Pendant des années, le terme est resté local. Il n’a traversé le pays que dans les années 1980. C’est alors que les détaillants sont intervenus. Ils ont voulu recadrer le discours. Au lieu de se concentrer sur les embouteillages, ils ont promu l’idée que les magasins se dirigeaient dans le noir. En termes comptables, être « dans le noir » signifie qu’une entreprise est rentable. Cet effort de rebranding était délibéré. Cela a déplacé l’attention des problèmes policiers vers la réussite financière.

Les détaillants ont essayé de changer le nom. Certains ont insisté pour le Big Friday. Ça n’a pas collé. Le terme original a survécu. Dans les années 1990, le Black Friday s’est étendu au-delà des États-Unis et est devenu un phénomène commercial mondial.

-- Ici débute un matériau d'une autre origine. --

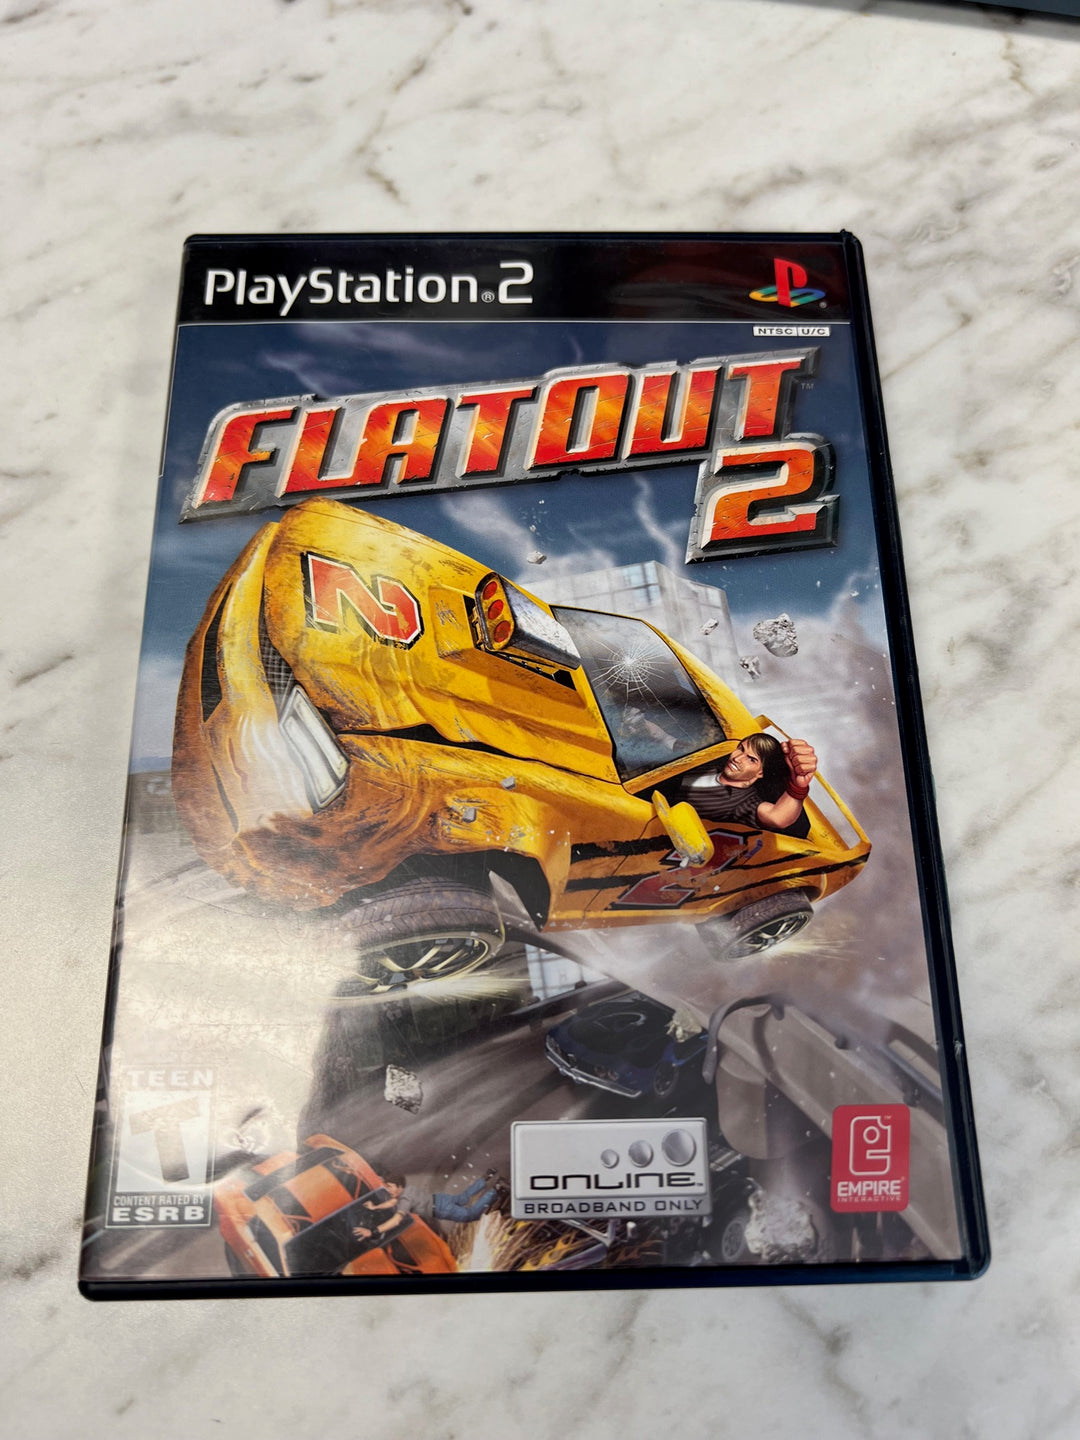 Flatout 2 for PS2 Playstation 2 Case Only No Game DU62724

Le nom a évolué d’une plainte contre la police locale à un symbole national de rentabilité du commerce de détail.

Aujourd’hui, le terme revêt un autre poids. Cela marque le début de la période des fêtes. C’est le moment où de nombreux détaillants couvrent enfin leurs coûts pour l’année. La circulation est toujours mauvaise. La foule est toujours immense. Mais l’histoire tourne désormais autour des marges bénéficiaires, et non plus seulement des rapports de police.